**WHAT THE EXERCISE ASKS:** In your copy of the data, keep every word exact and include no pictures.

**EXERCISE DATA:**
◇ ◇ ◇

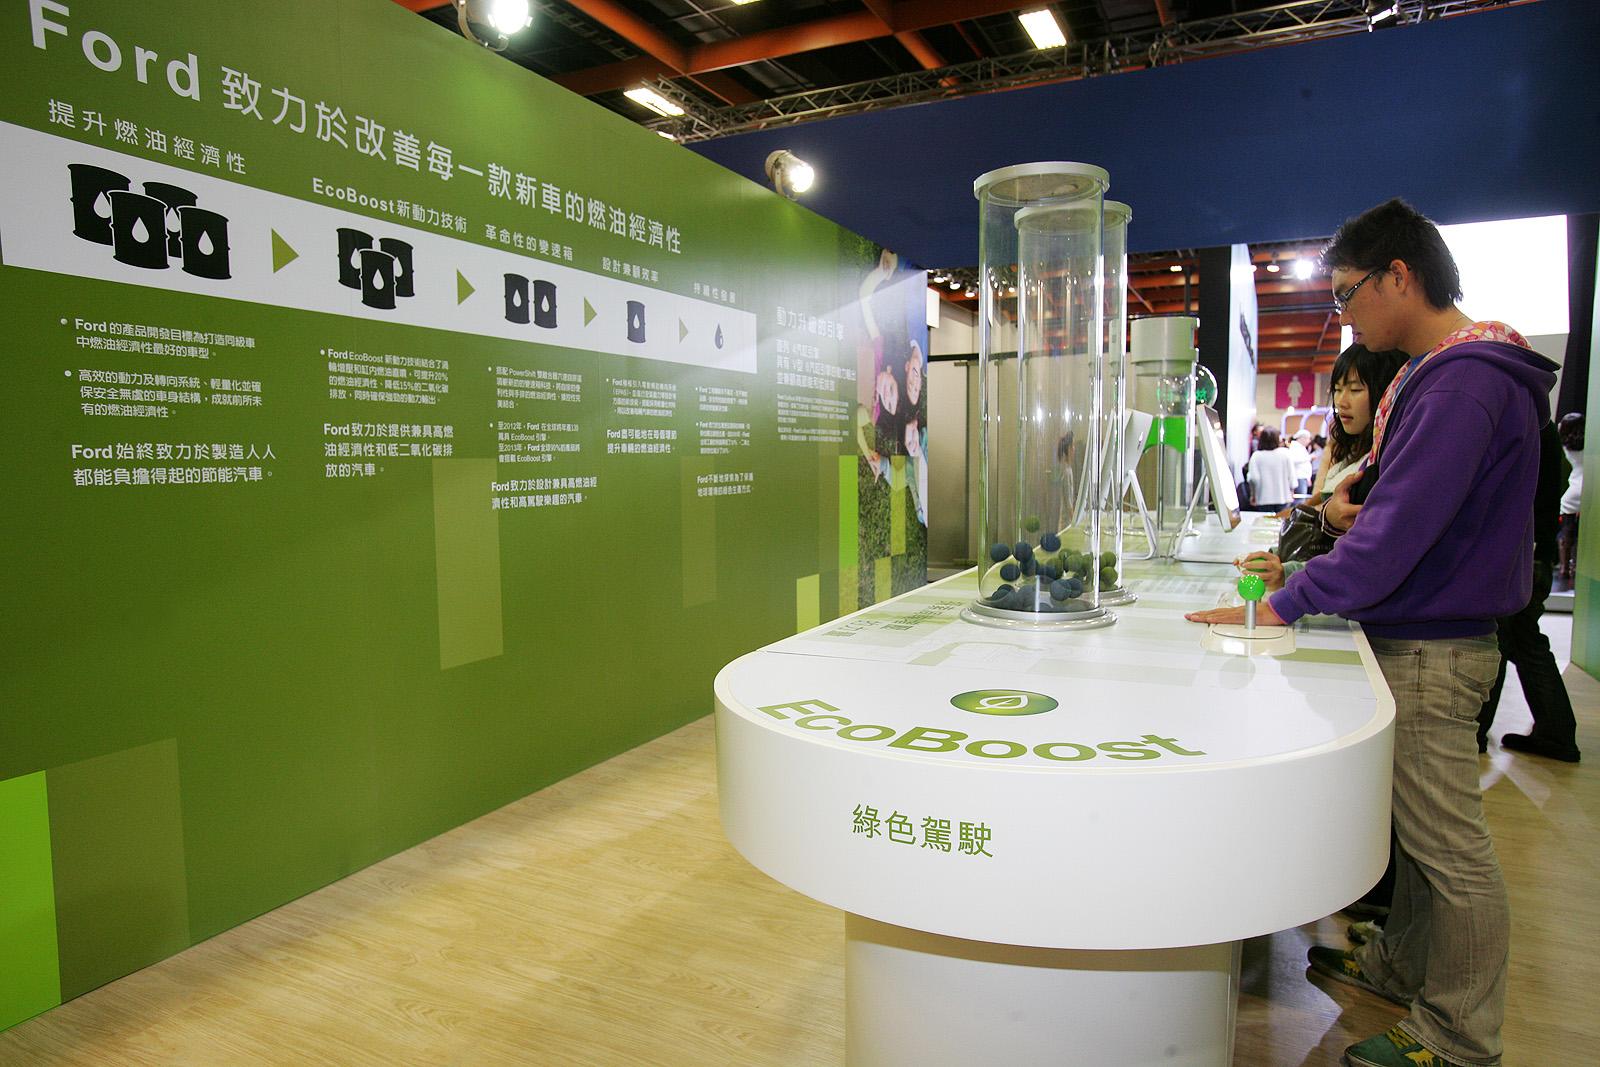 福特六和展區中的「EcoBoost科技互動展示台」,透過有趣好玩的互動器具,以及深入淺出的說明方式,介紹EcoBoost動力科技的設計理念...
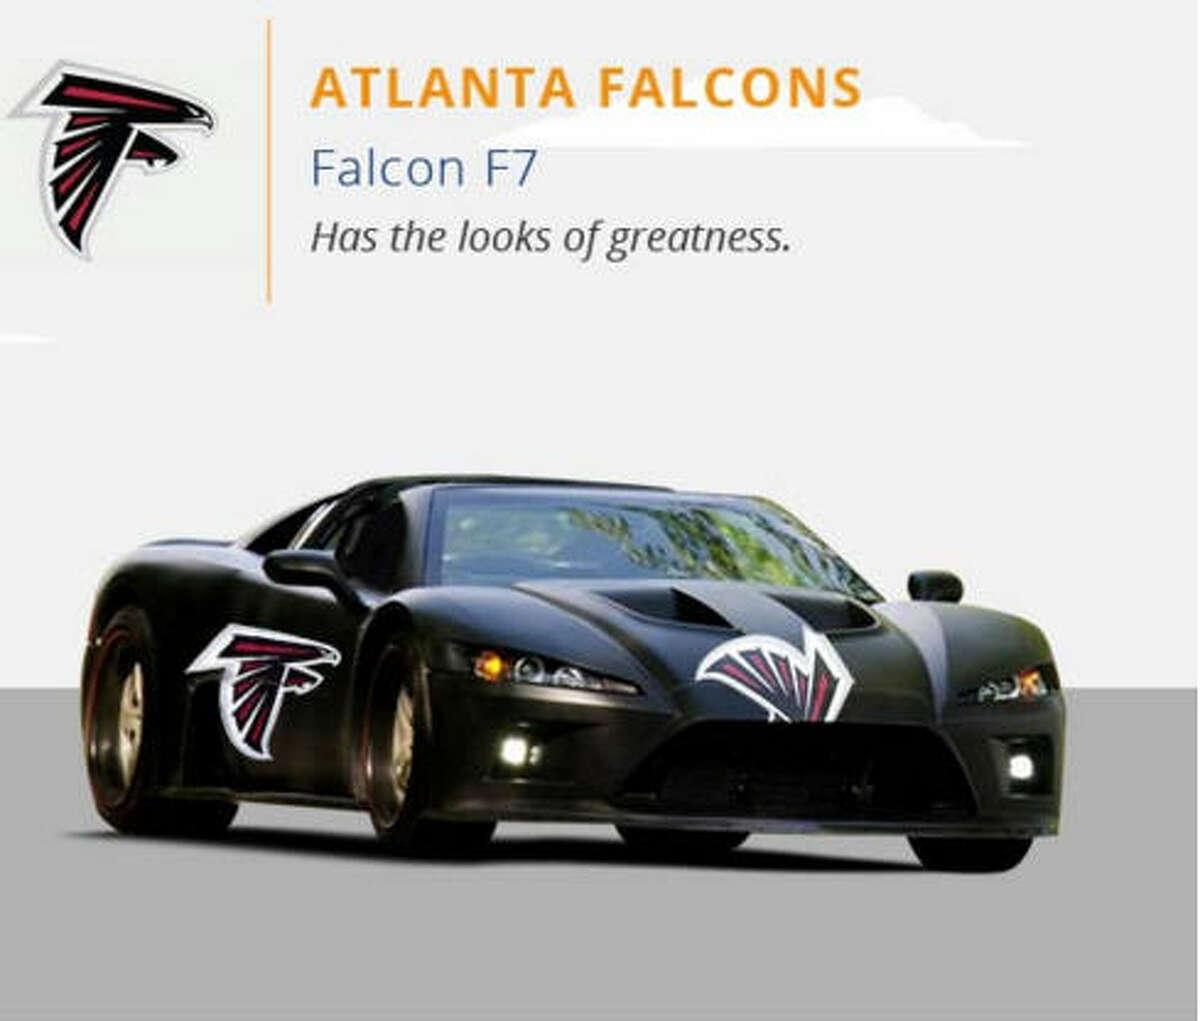 Atlanta Falcons Courtesy CJ Pony Parts
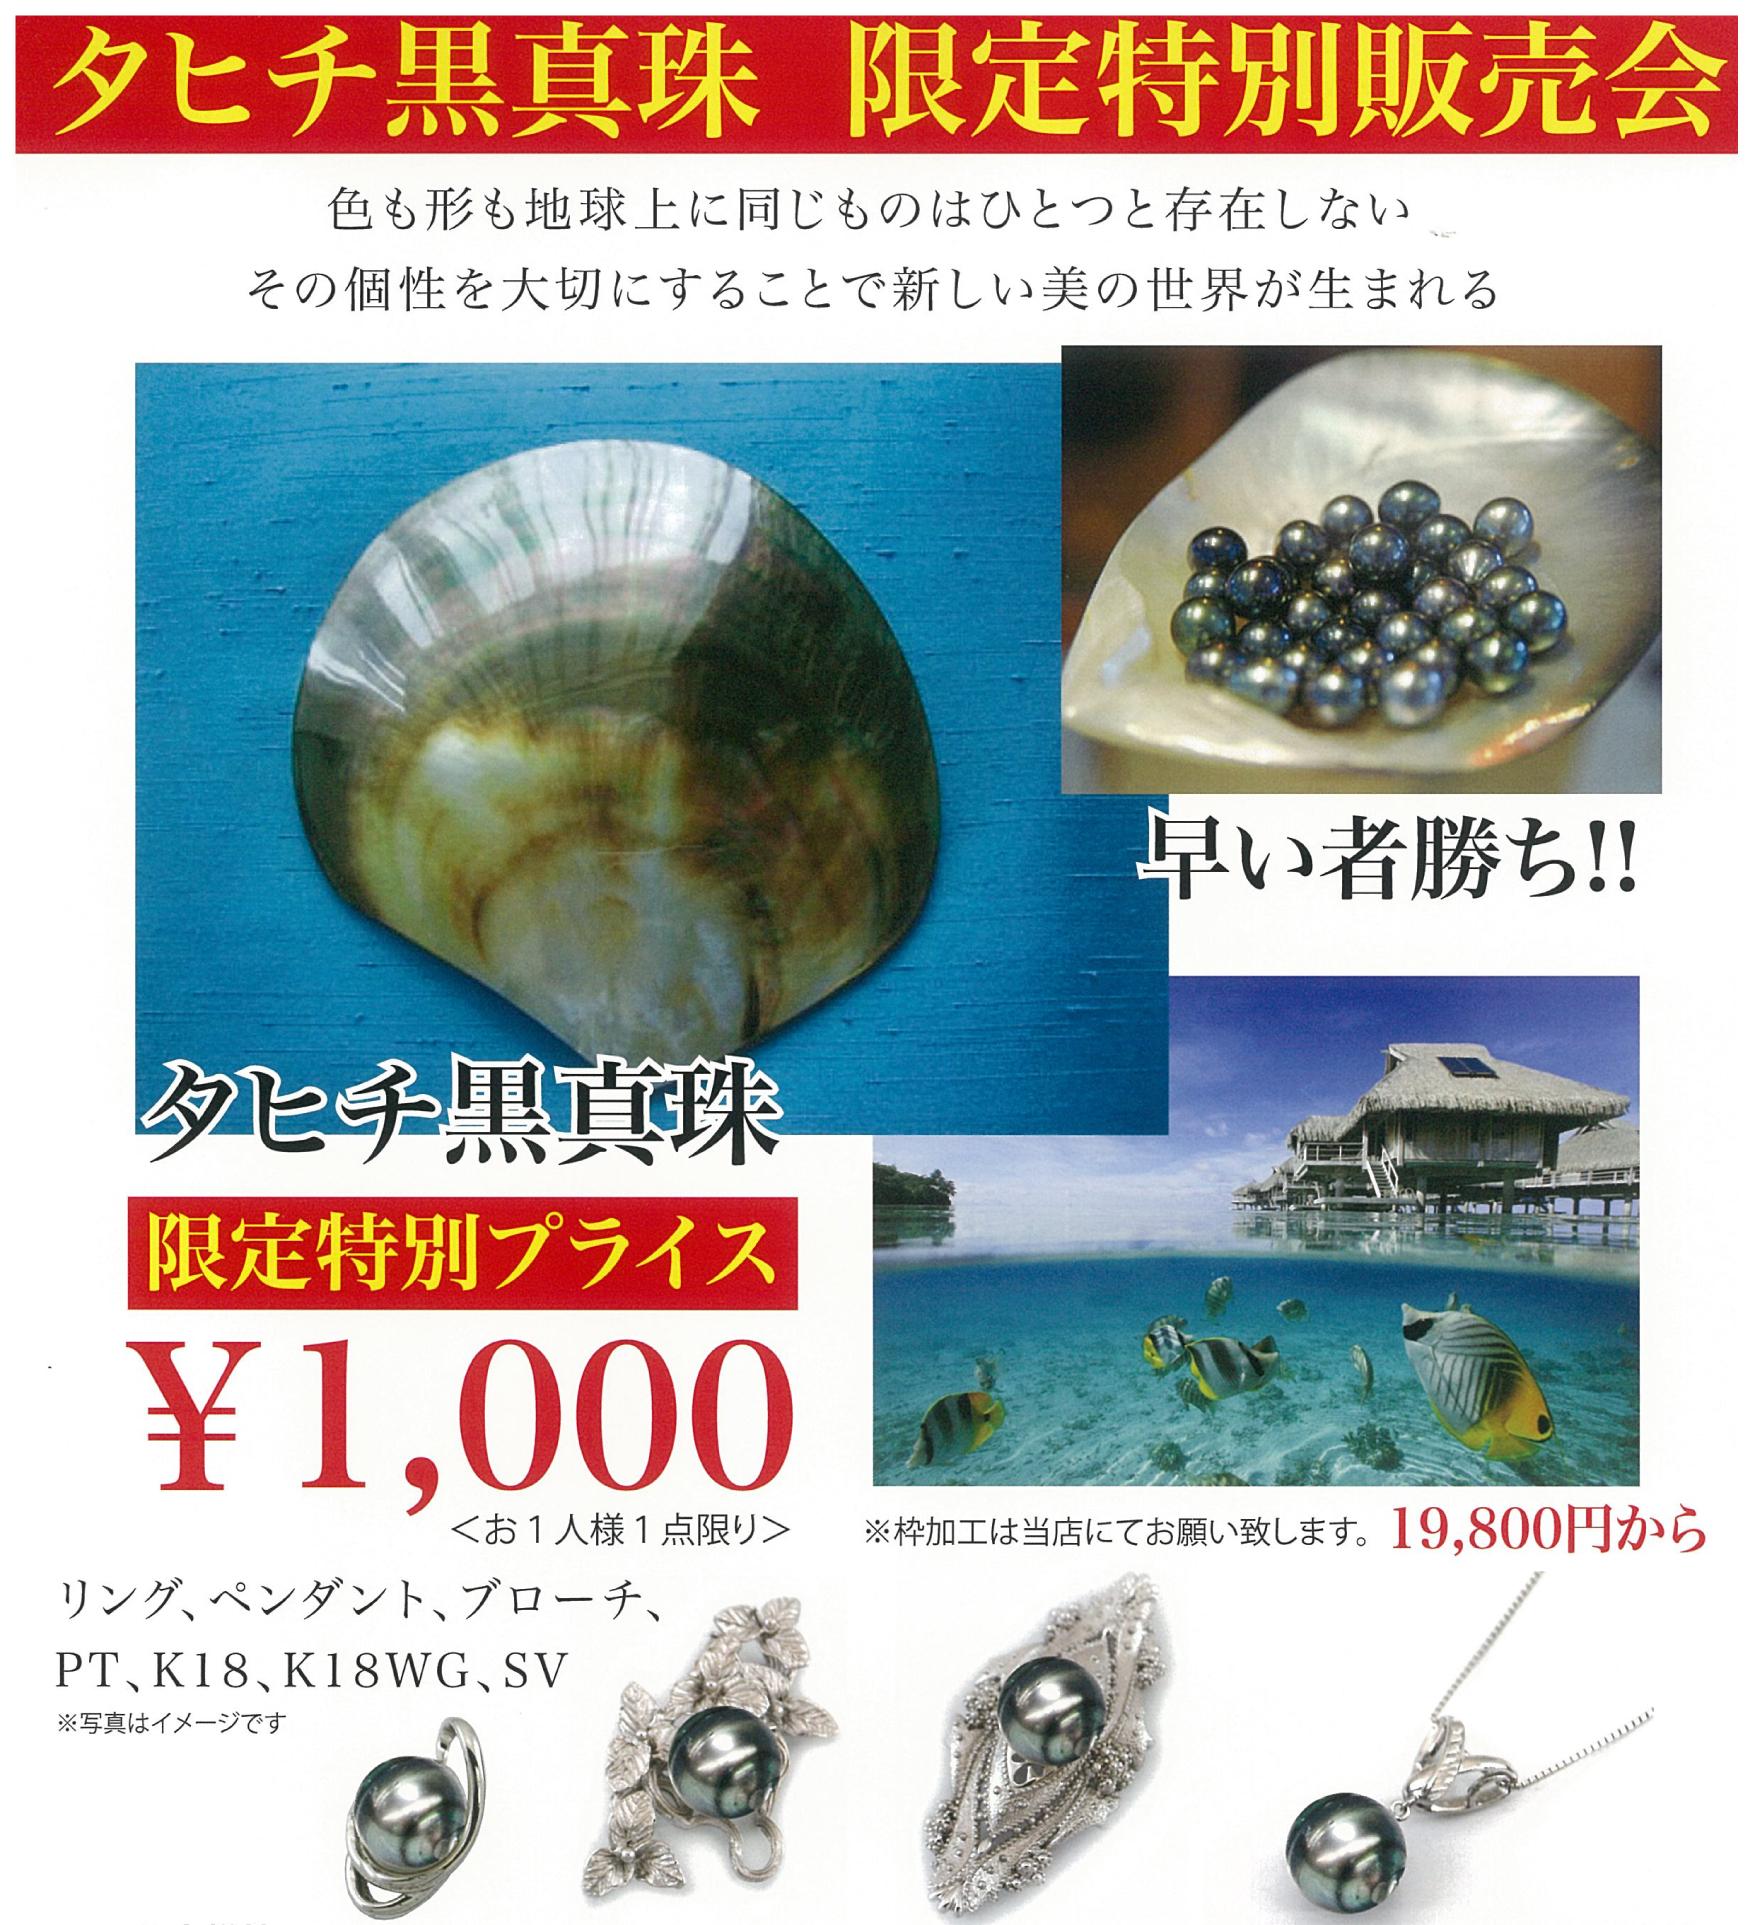 黒真珠.jpg

◇ ◇ ◇

**ANSWER BELOW:**
 福特六和展區中的「EcoBoost科技互動展示台」,透過有趣好玩的互動器具,以及深入淺出的說明方式,介紹EcoBoost動力科技的設計理念...
 Atlanta Falcons Courtesy CJ Pony Parts
 黒真珠.jpg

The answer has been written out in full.